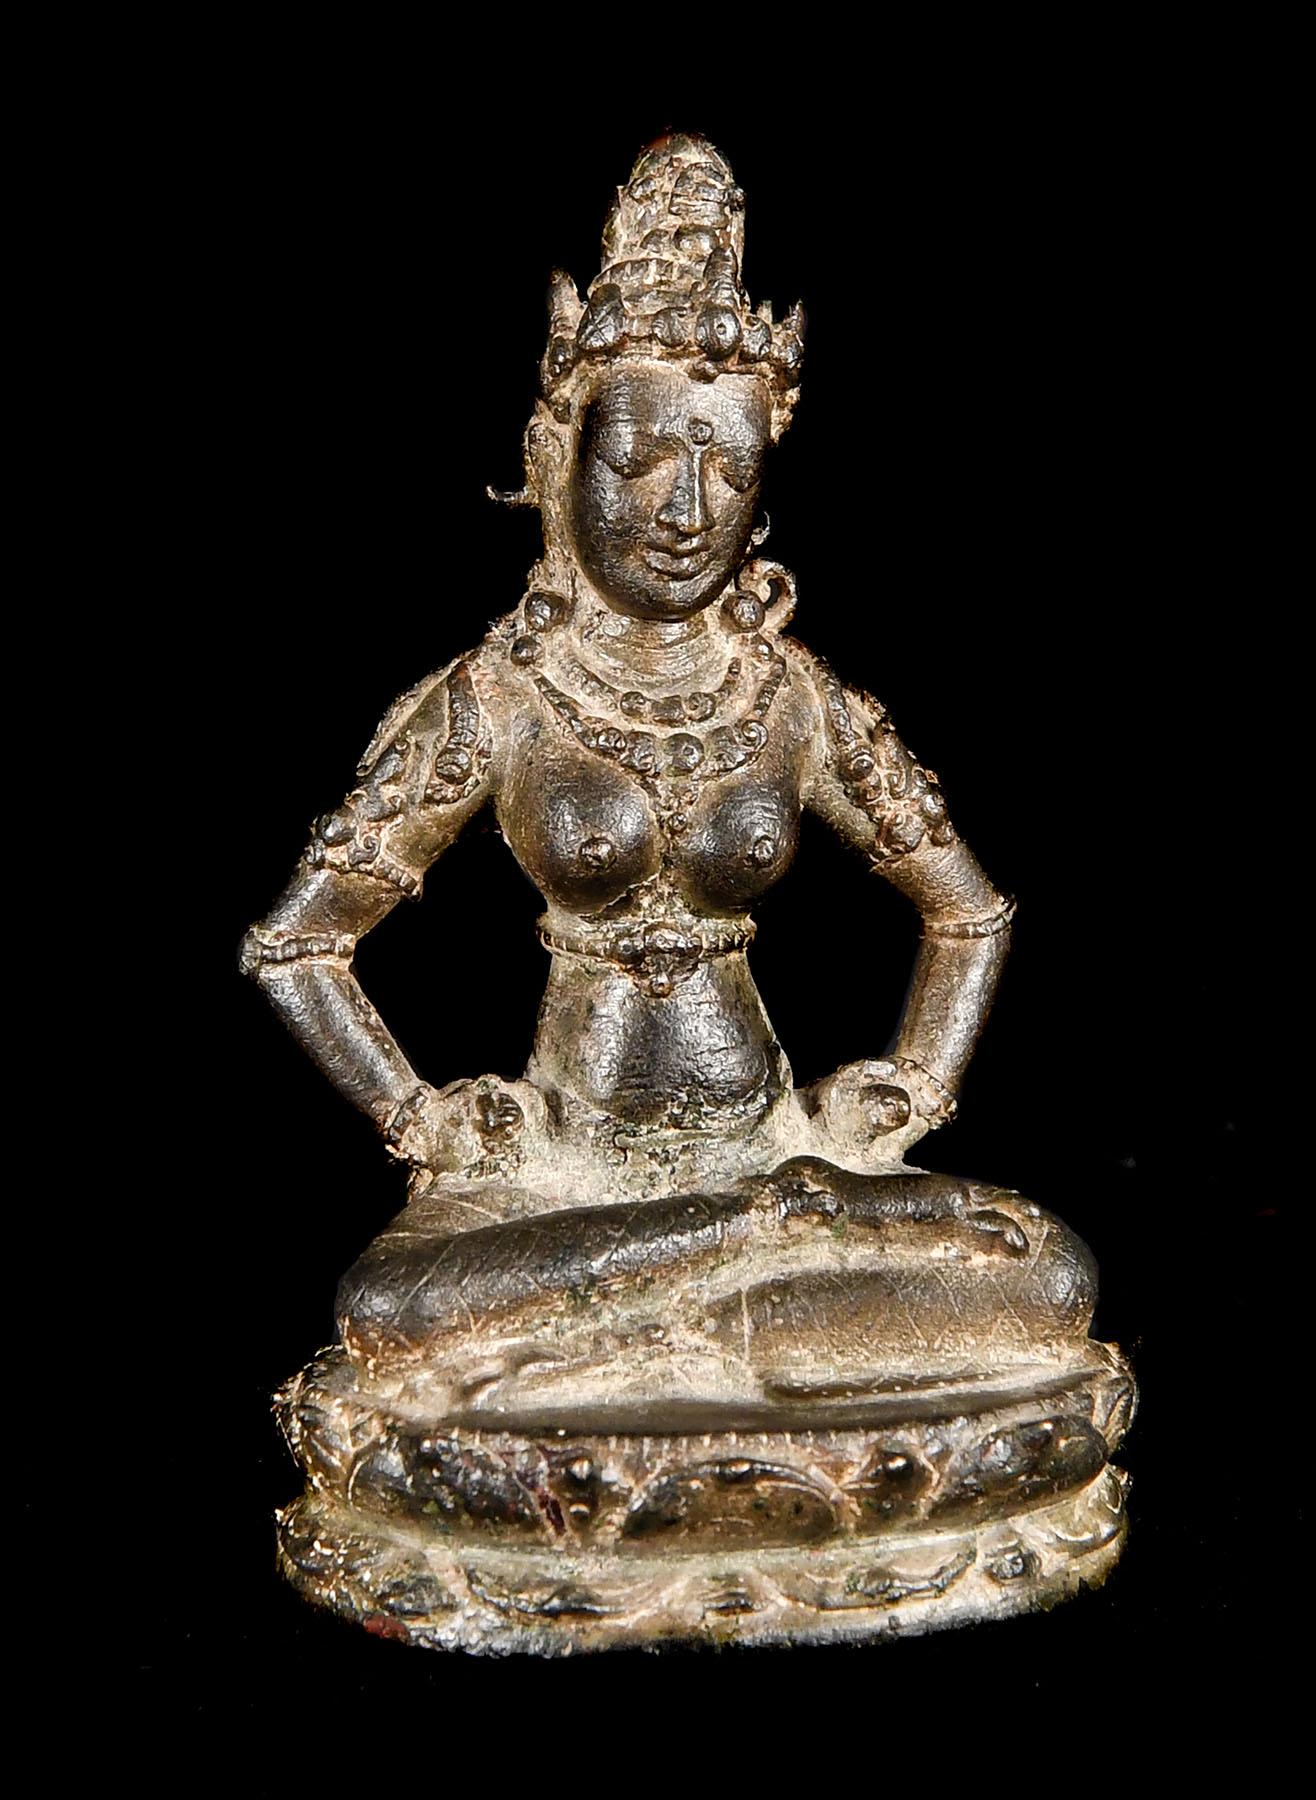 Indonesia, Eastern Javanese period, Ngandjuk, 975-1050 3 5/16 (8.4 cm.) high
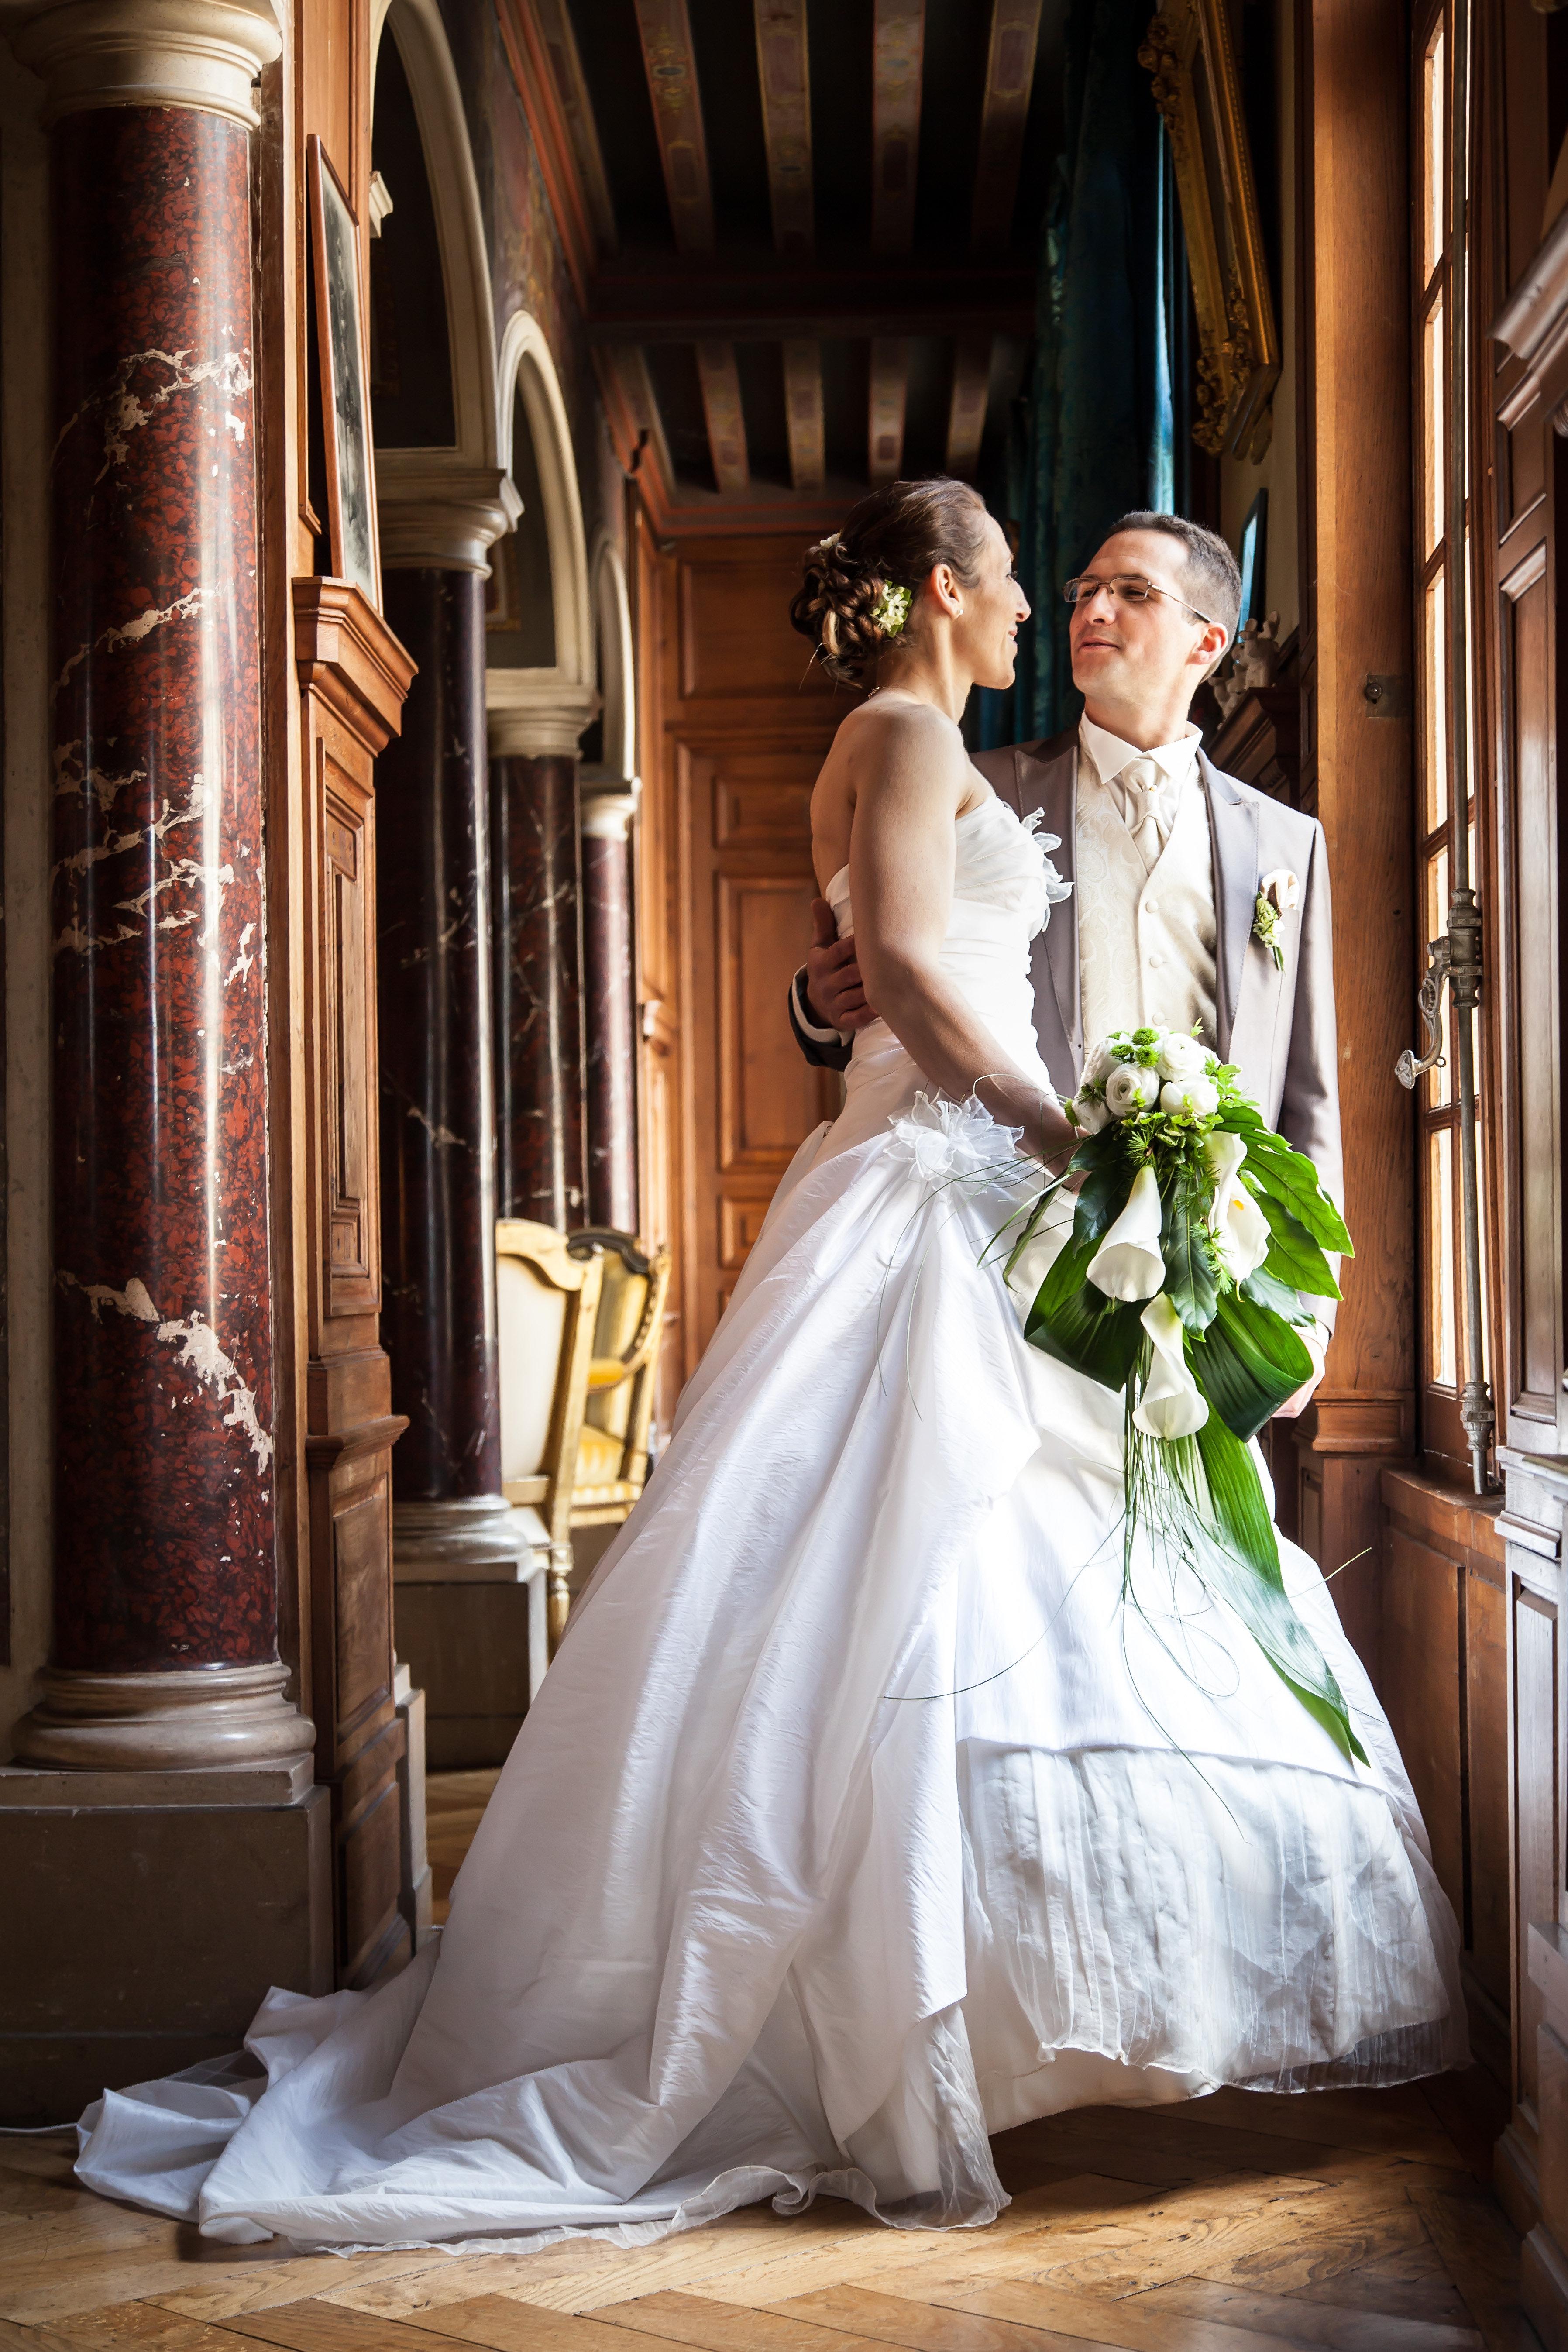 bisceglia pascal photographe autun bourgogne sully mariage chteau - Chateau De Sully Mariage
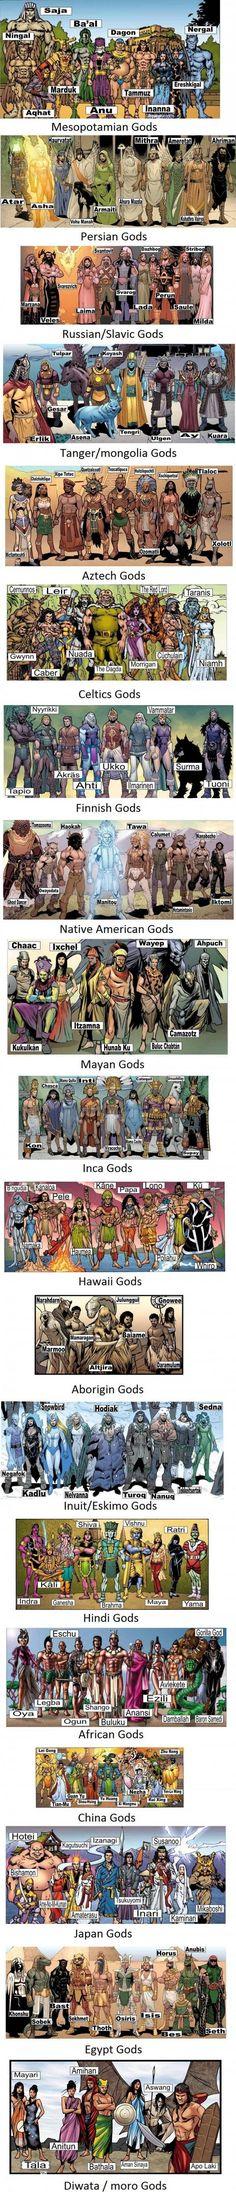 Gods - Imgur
|---|
● Problem statement: An exact, picture-free copy of the listing above is the goal; write it out now.

● Task answer:
 Indonesia, Eastern Javanese period, Ngandjuk, 975-1050 3 5/16 (8.4 cm.) high
 bisceglia pascal photographe autun bourgogne sully mariage chteau - Chateau De Sully Mariage
 Gods - Imgur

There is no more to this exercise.